President Barack Obama announced new U.S. sanctions on
Tuesday against foreign banks that help Iran sell its oil, efforts that he said
would increase pressure on Tehran for failing to meet its international nuclear
obligations.
Obama's decision, in an executive order, came ahead of
congressional votes on new sanctions intended to further strip Iran of its
oil-related revenues.

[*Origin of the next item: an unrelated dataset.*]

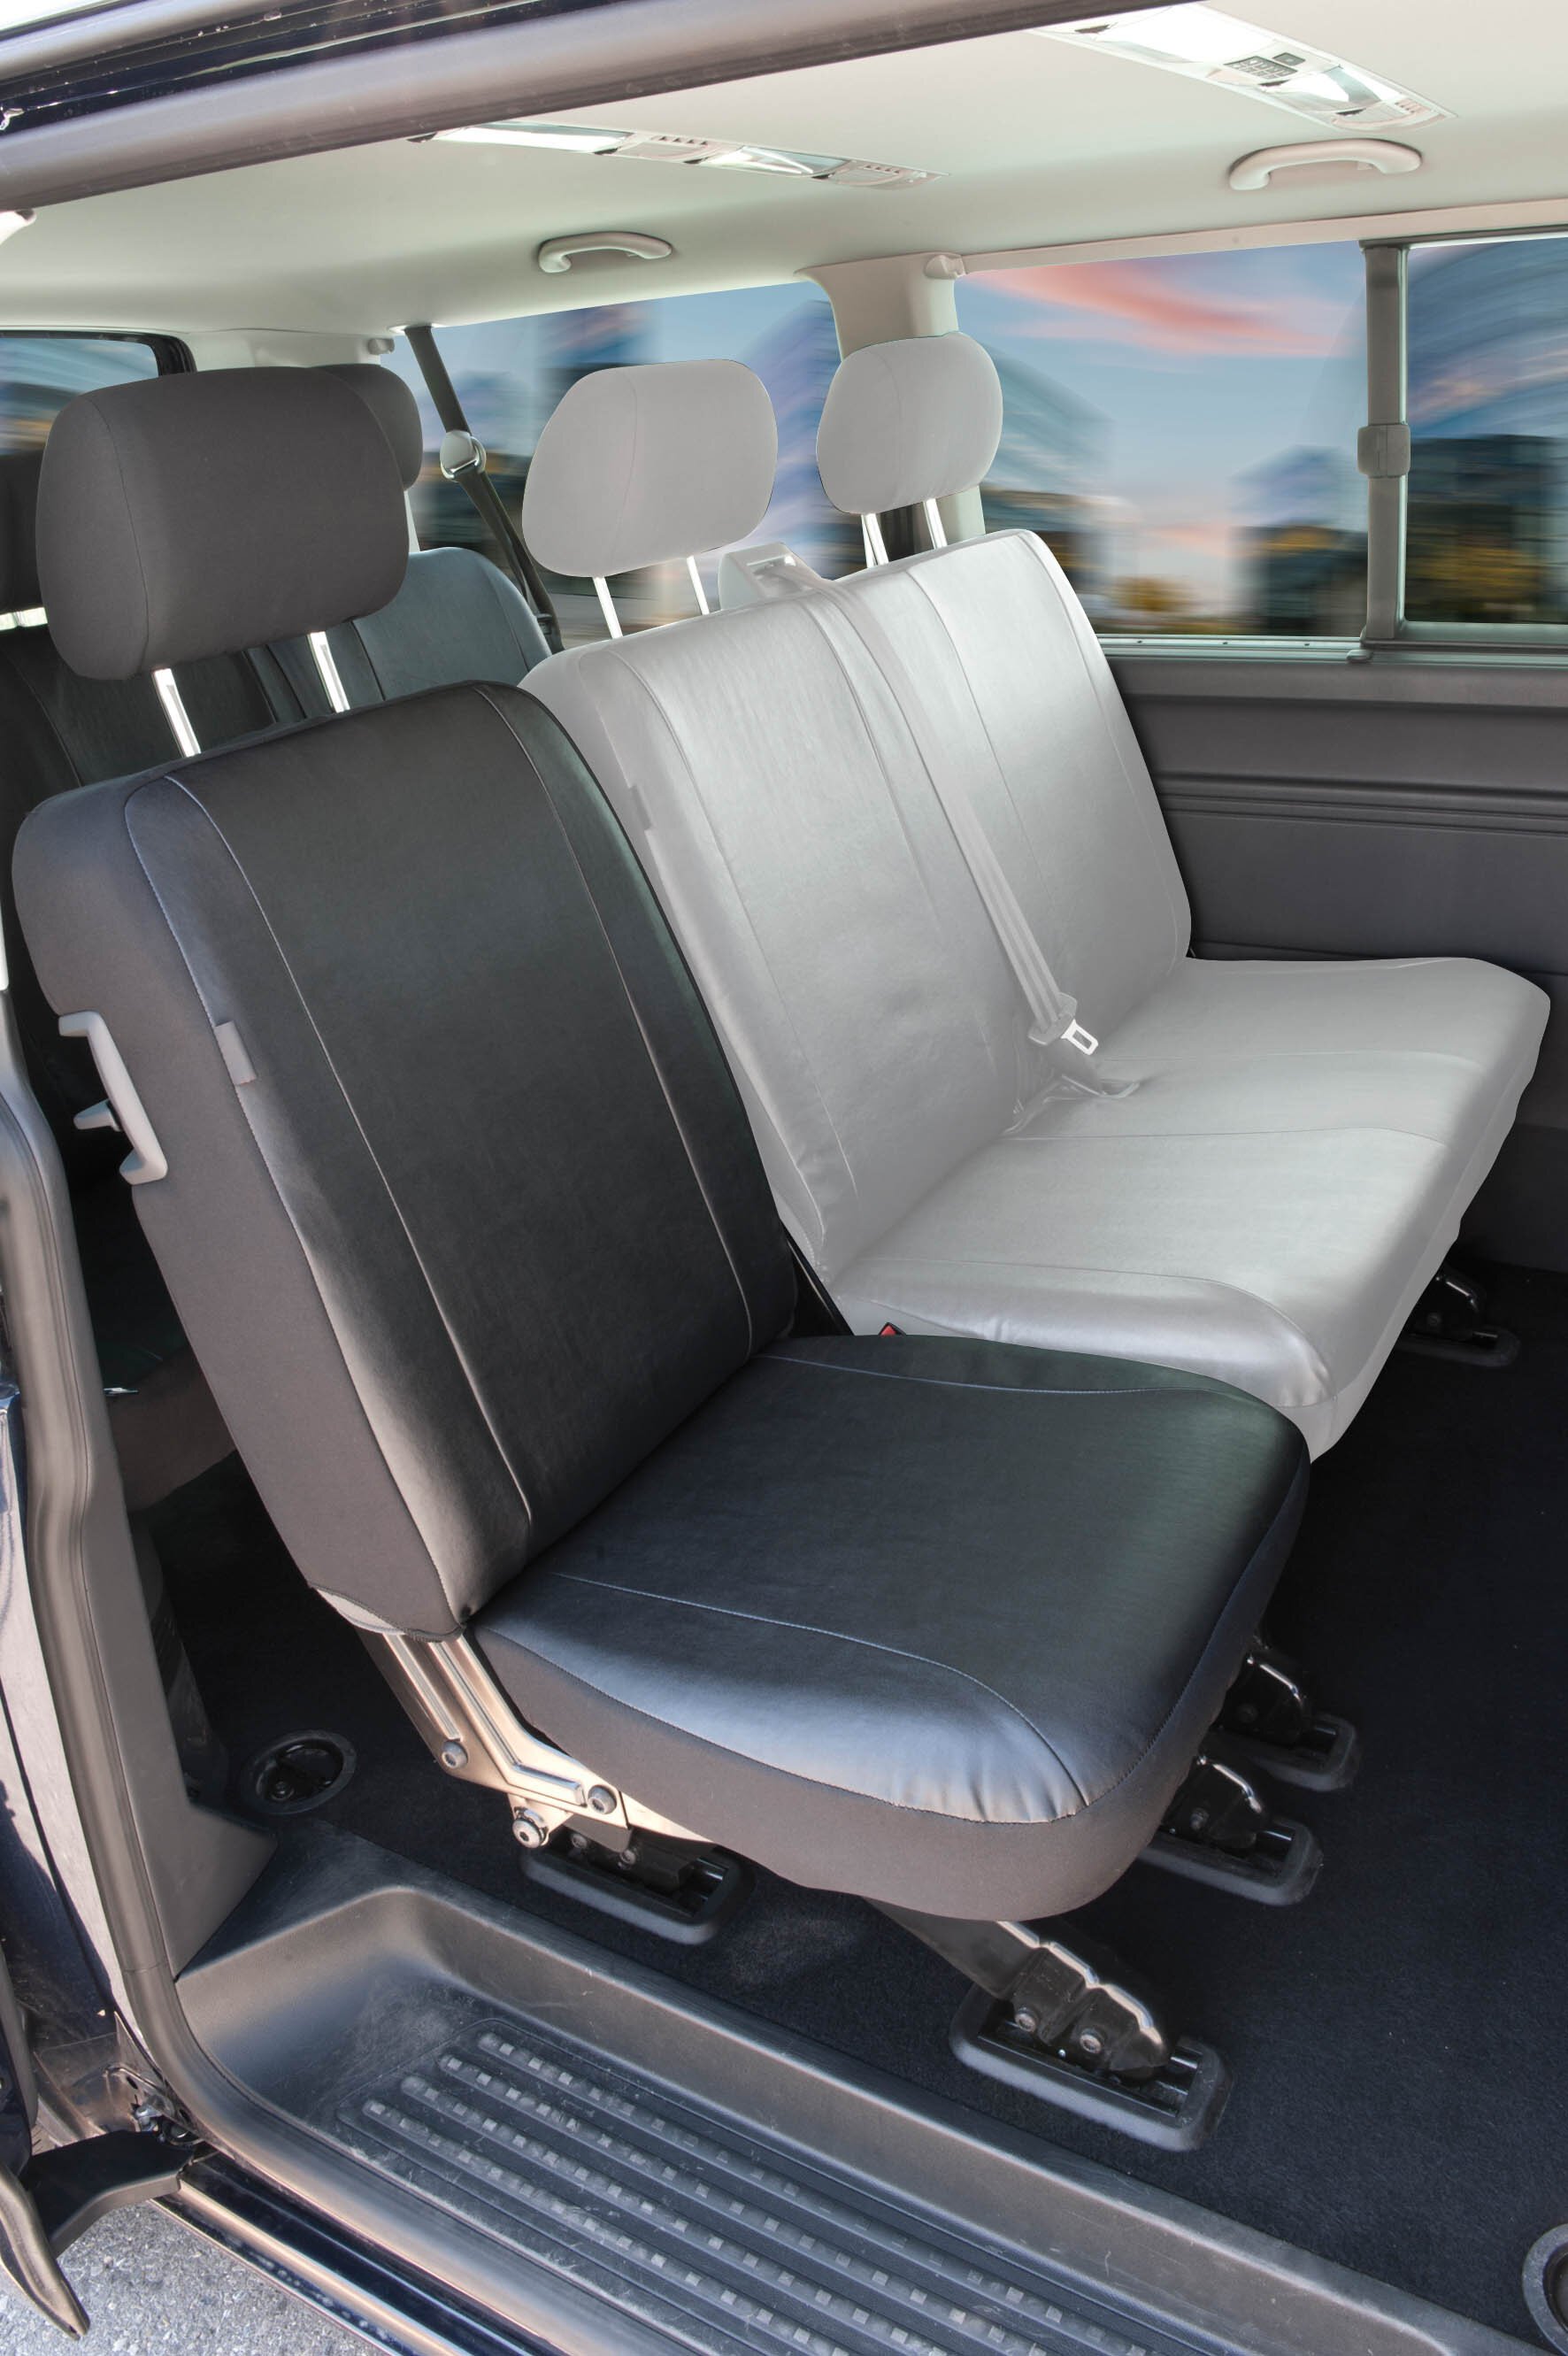 Housse de siège Transporter en simili cuir pour VW T5, siège arrière simple

It also followed criticism from Republican presidential
challenger Mitt Romney that the White House is failing to act strongly enough
to stop Iran's suspected pursuit of a nuclear weapon.

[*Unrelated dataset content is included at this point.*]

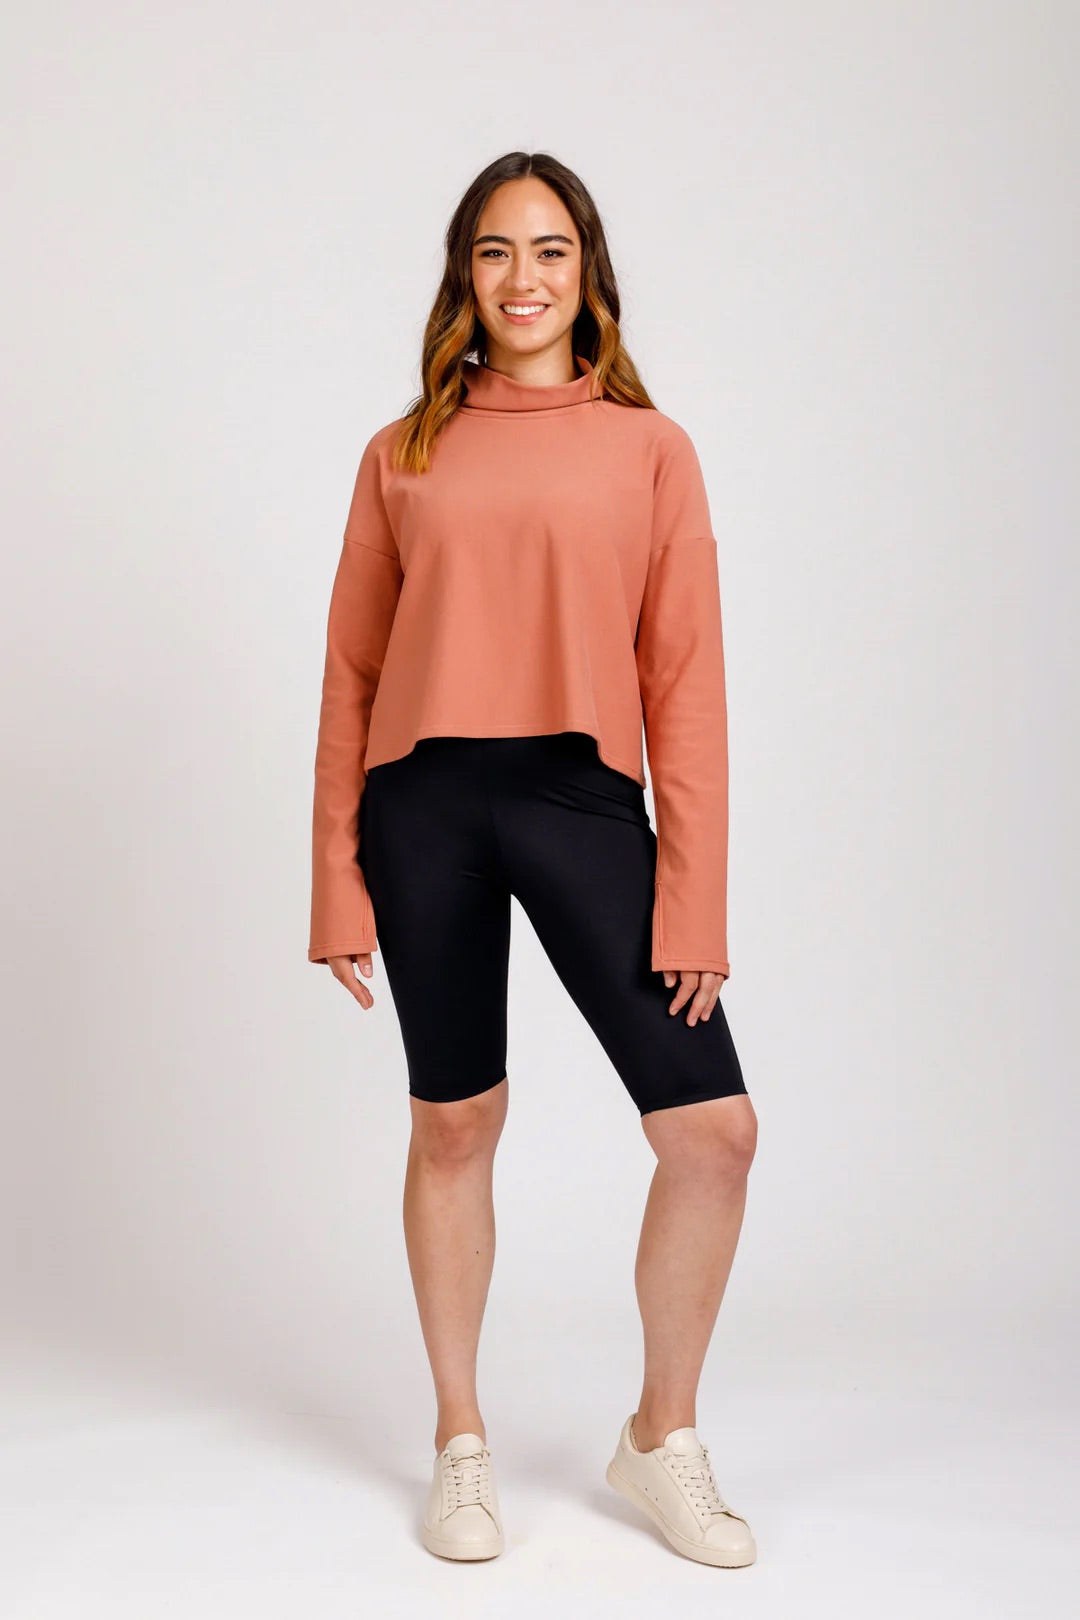 Megan Nielsen - Virginia Leggings Sewing Pattern – Lamazi Fabrics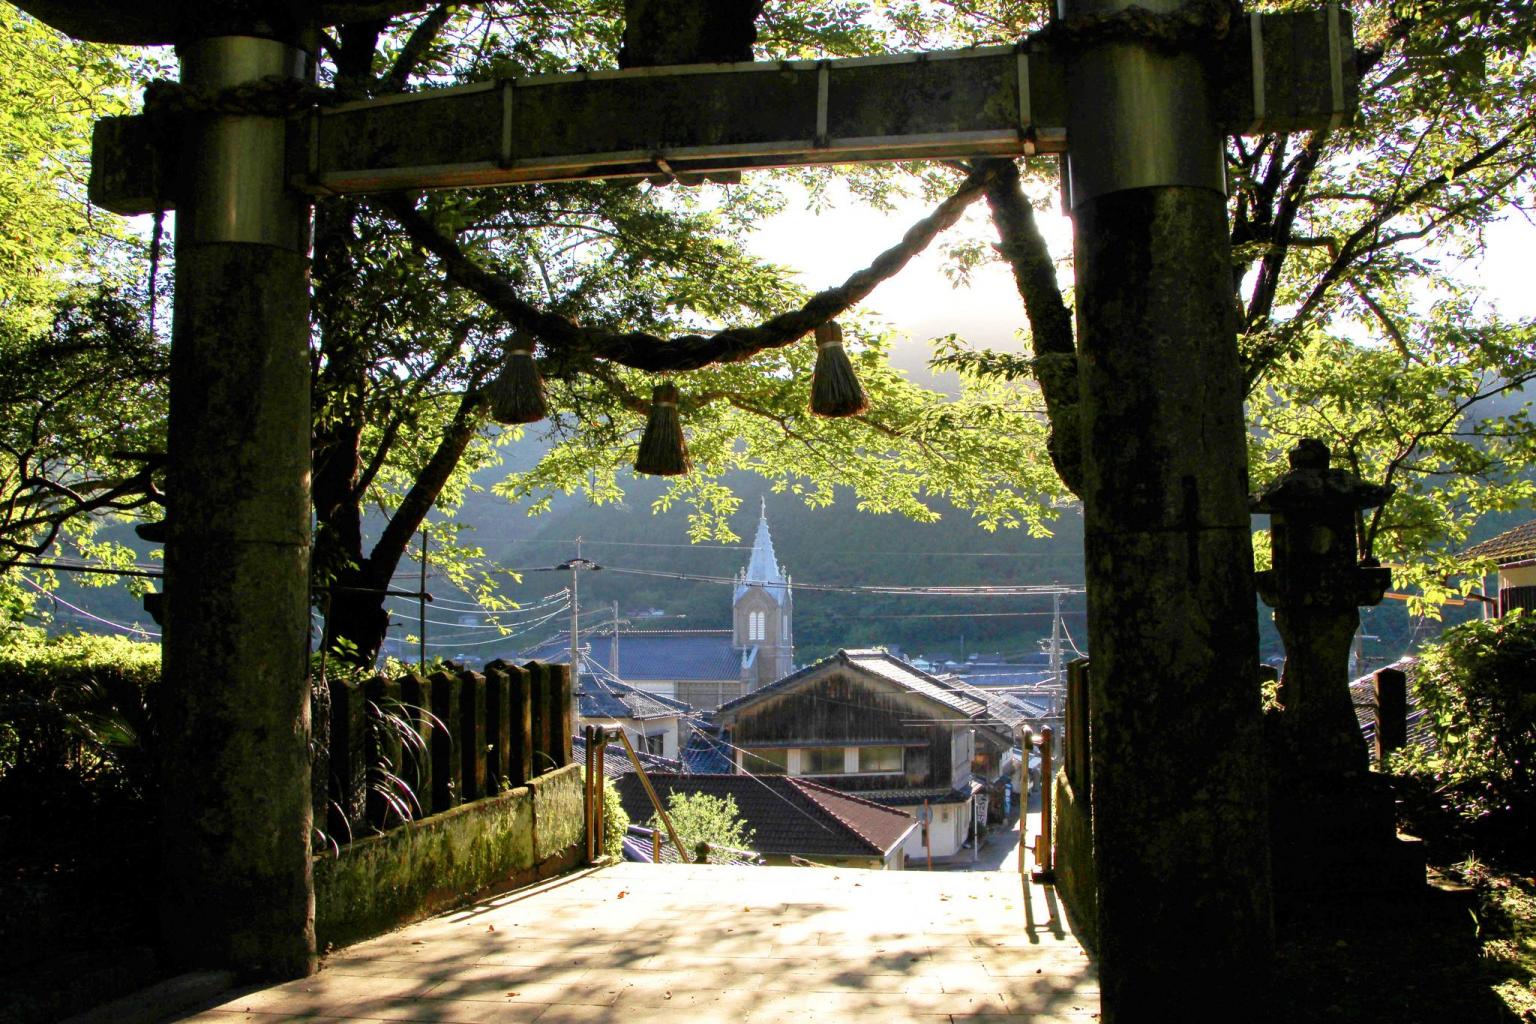 﨑津諏訪神社

In a statement, Obama said the United States remained
committed to finding a diplomatic resolution to the standoff with Tehran but
was committed "to hold the Iranian government accountable for its
actions."
"If the Iranian government continues its defiance, there
should be no doubt that the United States and our partners will continue to
impose increasing consequences," he said.

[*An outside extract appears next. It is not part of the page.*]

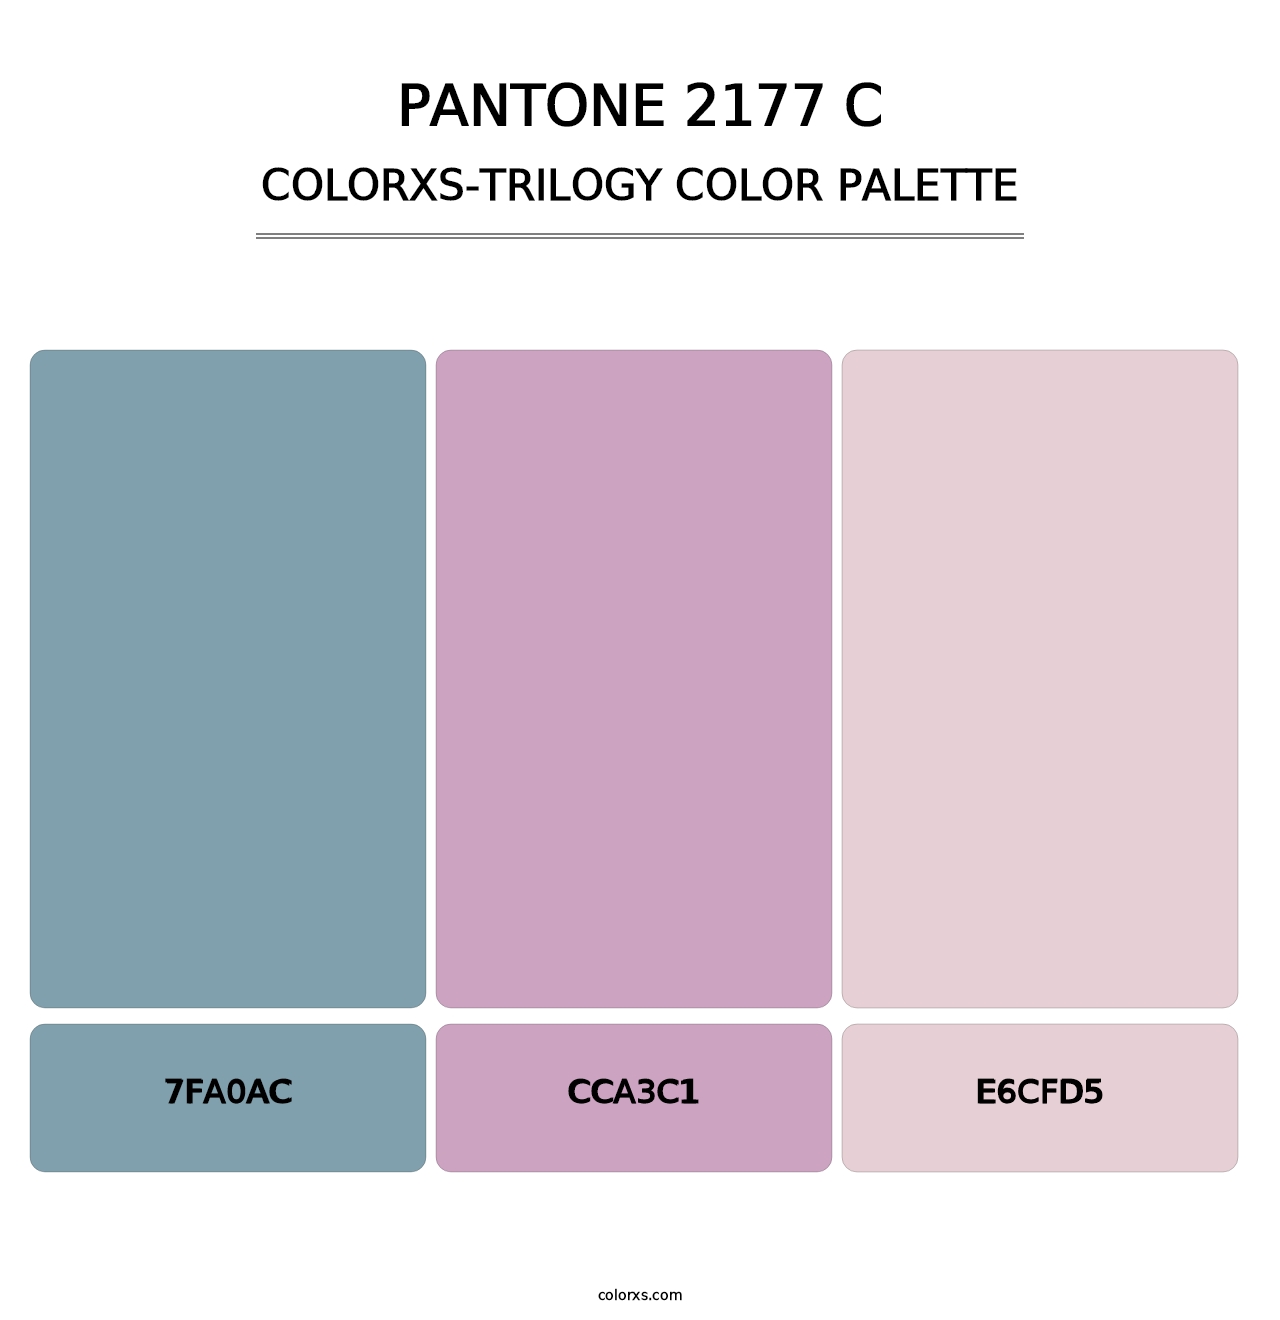 PANTONE 2177 C - Colorxs Trilogy Palette

Obama's new sanctions target foreign banks that handle
transactions for Iranian oil or handle large transactions from the National
Iranian Oil Company (NIOC) or Naftiran Intertrade Company (NICO), two key
players in Iran's oil trade.
The order also targets China's Bank of Kunlun and Iraq's Elaf
Islamic Bank for providing services to Iranian banks.
The new measures will help curb Iran's efforts to evade U.S.
banking and oil sanctions, said Mark Dubowitz, head of the non-profit group
Foundation for Defense of Democracies, which pushes for tough sanctions on
Iran.
But he said more steps are needed to blacklist Iran's energy
sector and require countries to further cut their oil purchases.